Twitter wurde in der Studie als eine Nachrichtenagentur aufgefasst, da eine kontinuierliche Aktualisierung von öffentlichen Quellen in Form von rohem Material in Echtzeit geliefert wurde. Außerdem wurde Twitter als Nachrichtenredaktion bezeichnet, da ein gemeinschaftlicher öffentlicher Raum für Informationsverarbeitung entstand. Berichte wurden ausgewertet, Fakten verifiziert und relevante Informationen hervorgehoben. Dabei geschieht die Selektion der relevanten Inhalte nicht durch eine Person, die in einem geschlossen Raum sitzt, sondern durch die Nutzer*innen des sozialen Mediums, die durch Retweets das Thema aufwerten. Im Falle von Andy Carvin wurde festgestellt, dass andere Quellen während der ägyptischen Revolution vermerkt worden sind. Carvin zitierte oder bezog sich nicht nur auf prominente und bekannte Akteure sondern auch nicht-prominente Quellen. Durch die mit @ gekennzeichneten Interaktionen wurde zum Einen Transparenz in Form von einer Rückverfolgbarkeit der Quelle geschaffen und zum Anderen der Umgang mit der Quelle und die Art und Weise der Verarbeitung der Informationen im Artikel sichtbar.

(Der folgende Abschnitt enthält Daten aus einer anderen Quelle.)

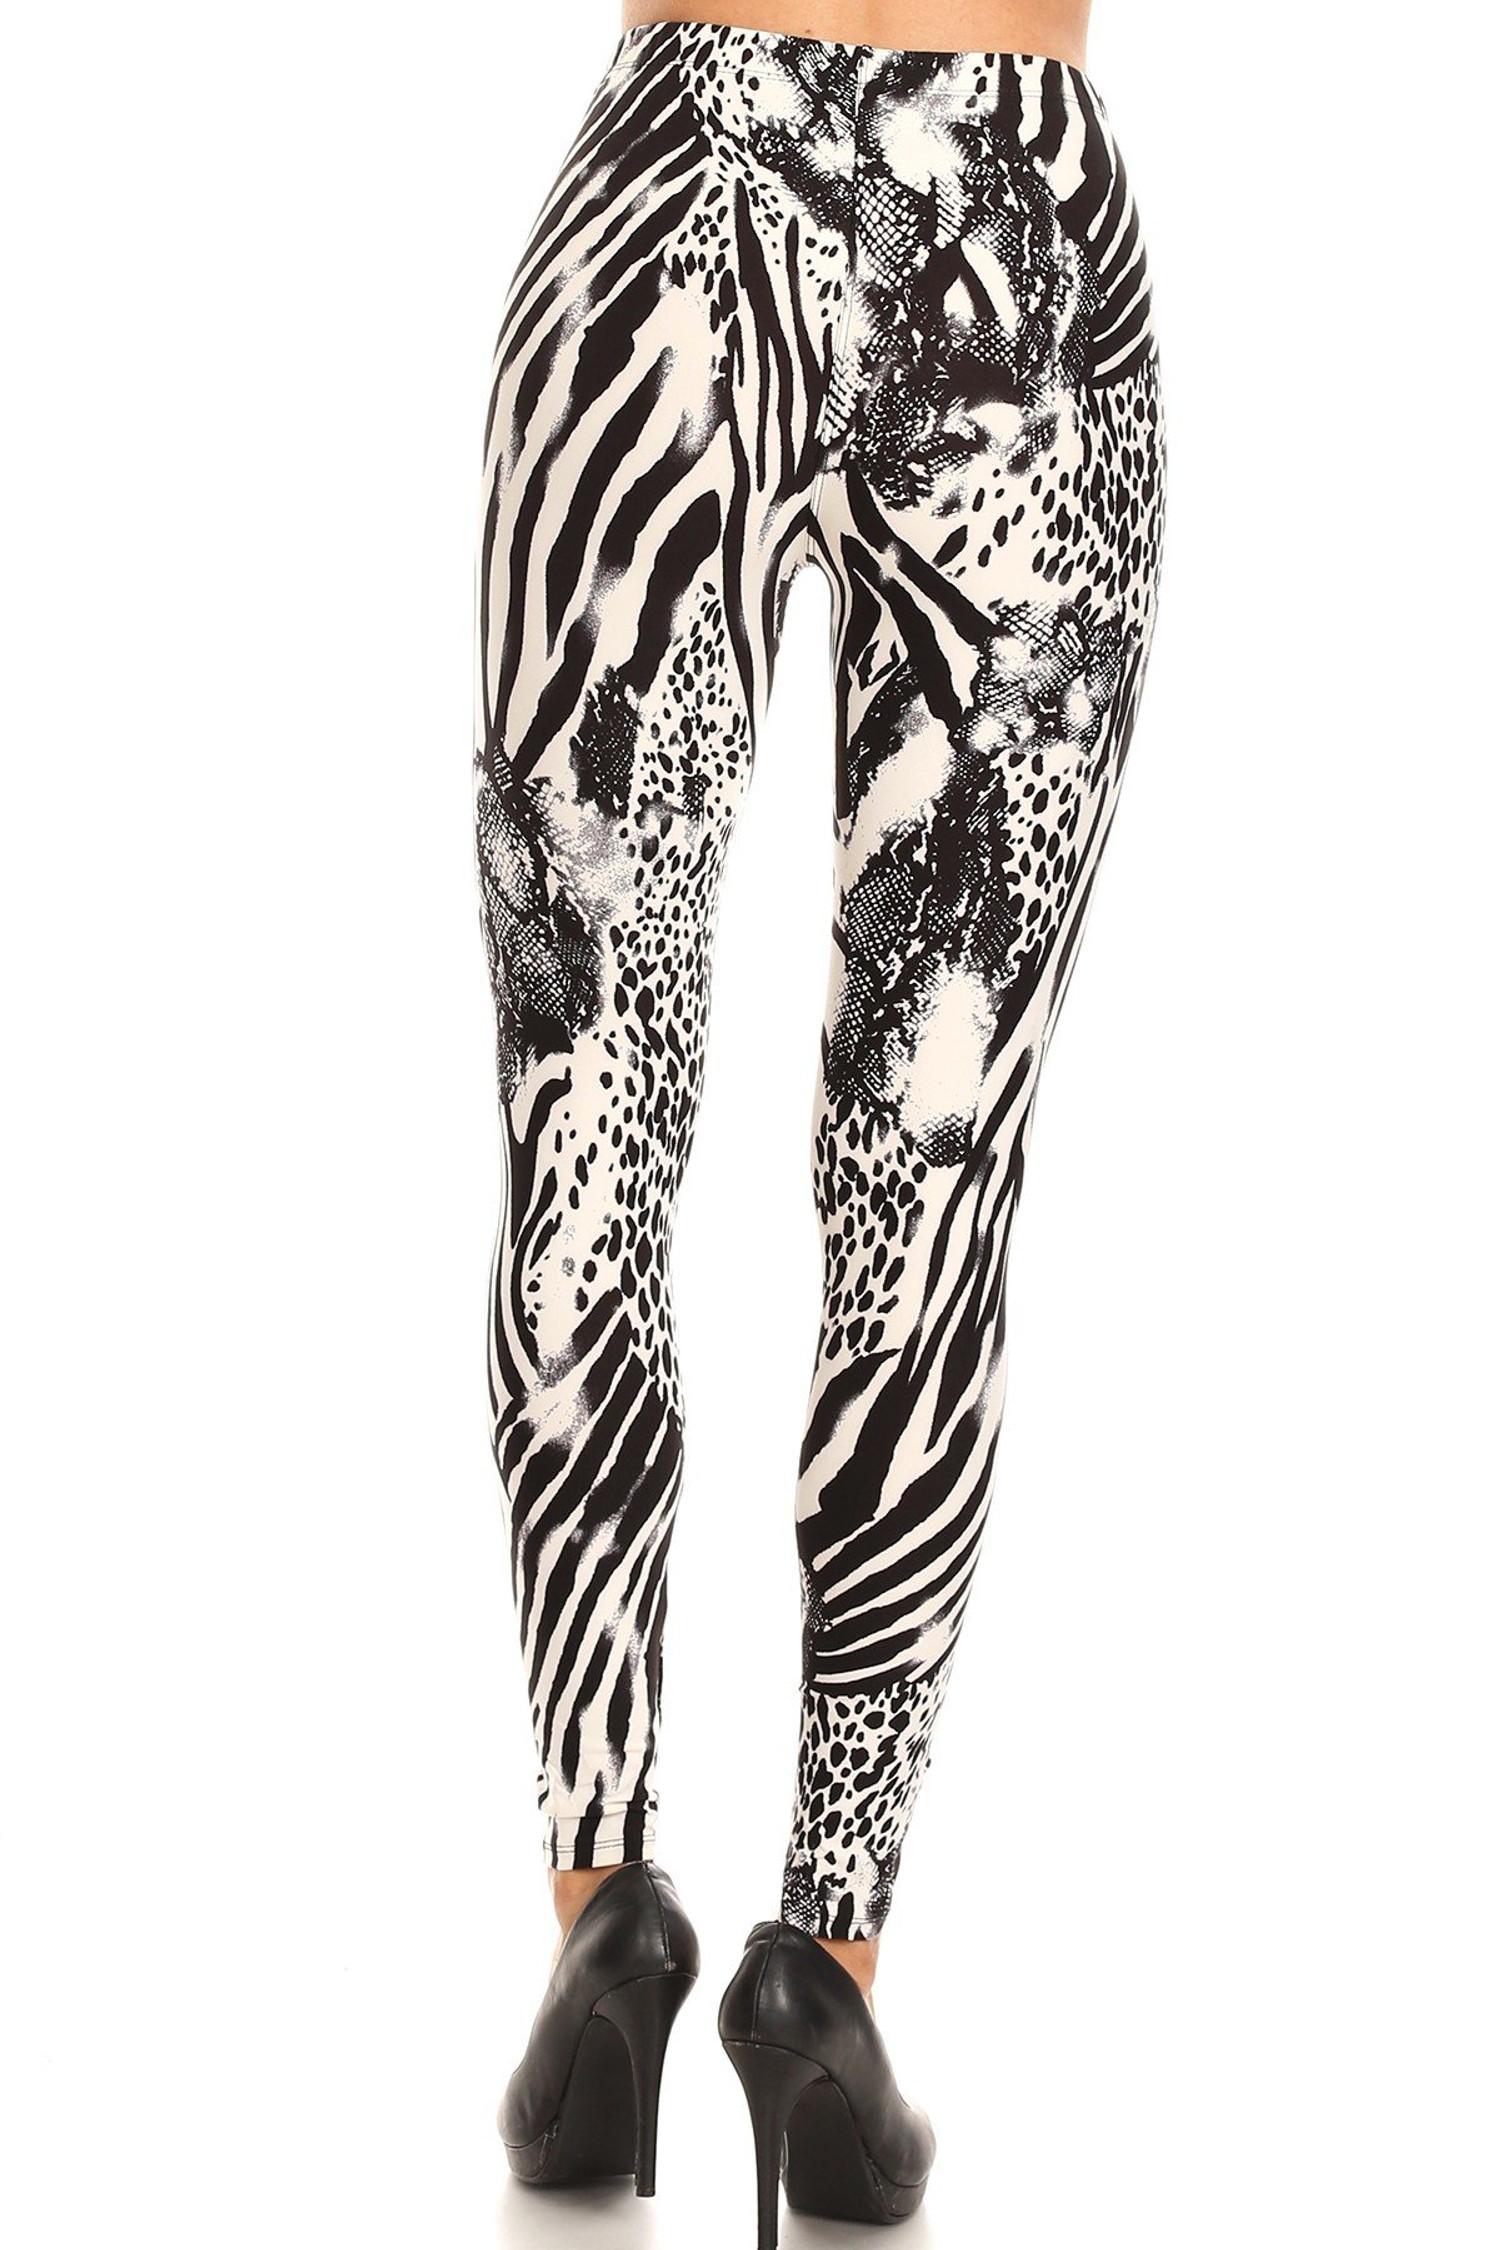 Brushed  Wild Safari Extra Plus Size Leggings - 3X-5X
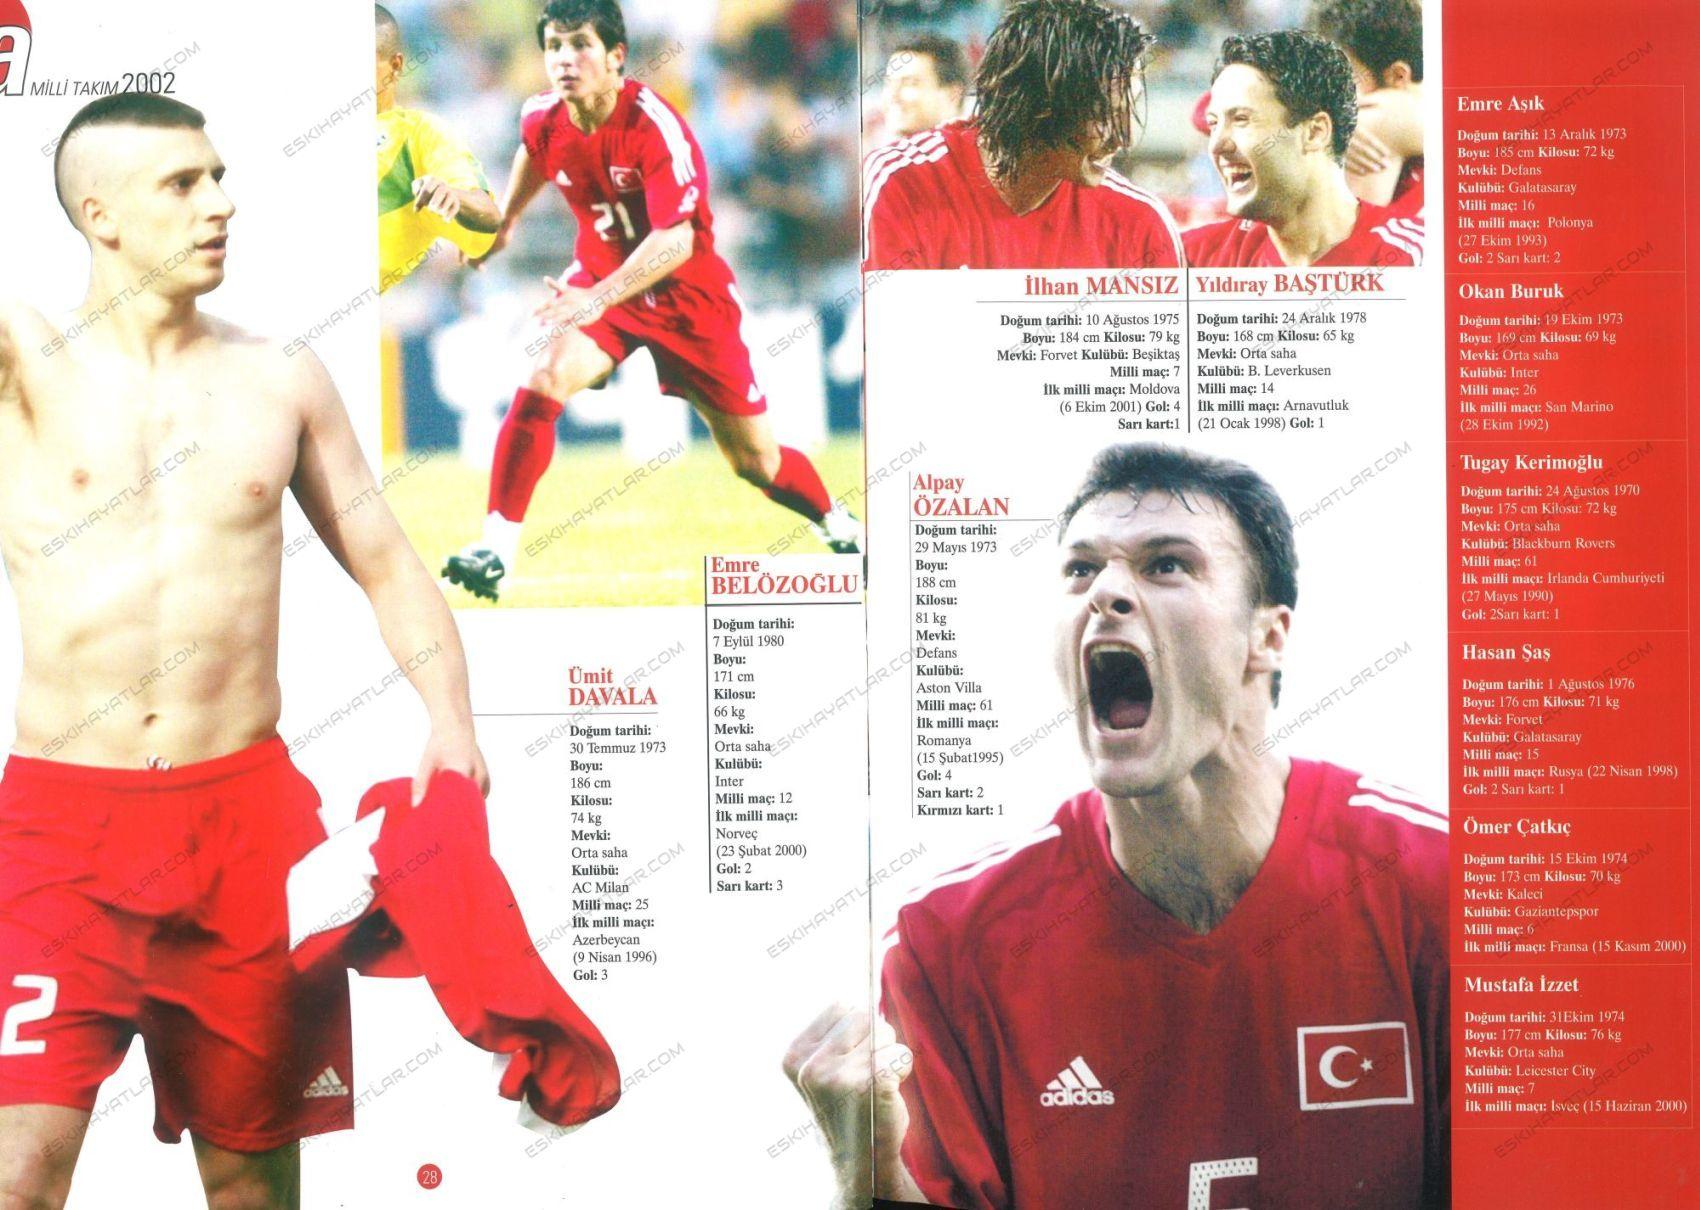 0406-turkiye-a-milli-takimi-2002-dunya-kupasi-kadrosu-aktuel-dergisi (10)

Das Forscherteam möchte eine relative große Datenmenge analysieren und dabei sensibel für kontextuelle Nuancen bleiben. Dieses Forschungsziel versuchen sie durch die Verbindung von computergestützten und manuellen Methoden zu realisieren
Es wurde die Programmiersprache Python genutzt, um ein großes Datenset zu kategorisieren. Mit Spreadsheet und einer Statistik Software wurden die Daten weiter organisiert und strukturiert. Anhand der strukturierten Daten wurde dann die eigentliche Auswahl der für die Forschungsfrage relevanten Daten getroffen. (vgl. Lewis/Zamith/Hermida 2013: 41) Dabei wurde die dynamische und durch Interaktion geprägte, d.h. schnell verändernde Plattform Twitter statisch gemacht, indem die einzelnen Seiten runtergeladen worden sind. Zur Auswertung und Interpretation der Daten wurde eine web-basierte elektronische Kodierungs-Methode entwickelt, um die Arbeit von (menschlichen) Kodierer*innen zu vereinfachen und Fehler zu minimieren. Dabei ist die Forschungsgruppe wie folgt vorgegangen:
Twitter ist ein beliebtes Medium für Forscher*innen geworden, da hier ein einfacher Datenzugang gesichert ist. Ein weiterer Vorteil ist, dass die Tweets nach Stichworten oder Hashtags gesammelt werden und relativ schnell sortiert werden können. (vgl. ebd.) In dieser Untersuchung sollten alle Tweets eines User’s gesammelt werden (@acarvin). Zunächst wurden alle Tweets von Andy Carvin mit Hilfe der Programmiersprache Python gesucht. Dabei gab es jedoch massive Probleme, da das Programm immer wieder nach kurzer Zeit aufhörte Tweets zu sammeln, obwohl der Datensatz noch unvollständig war. (vgl. ebd.) Die Forscher stellten fest, dass im Sample immer wieder große Teile fehlten, beispielsweise bestimmte Zeitspannen. Es handelte sich also nicht um willkürliche oder zufällige Fehler, sondern um „Datenstücke“. (vgl. ebd. 42) Diese Lücken zeigen klare Einschränkungen und Limitierungen, die durch die Anwendung algorithmische Methoden entstehen können. Die Folgen eines unvollständigen Datensets können sehr fatal sein und starken Einfluss auf die Validität nehmen, besonders dann wenn die Datensammlung systematische Fehler beinhaltet.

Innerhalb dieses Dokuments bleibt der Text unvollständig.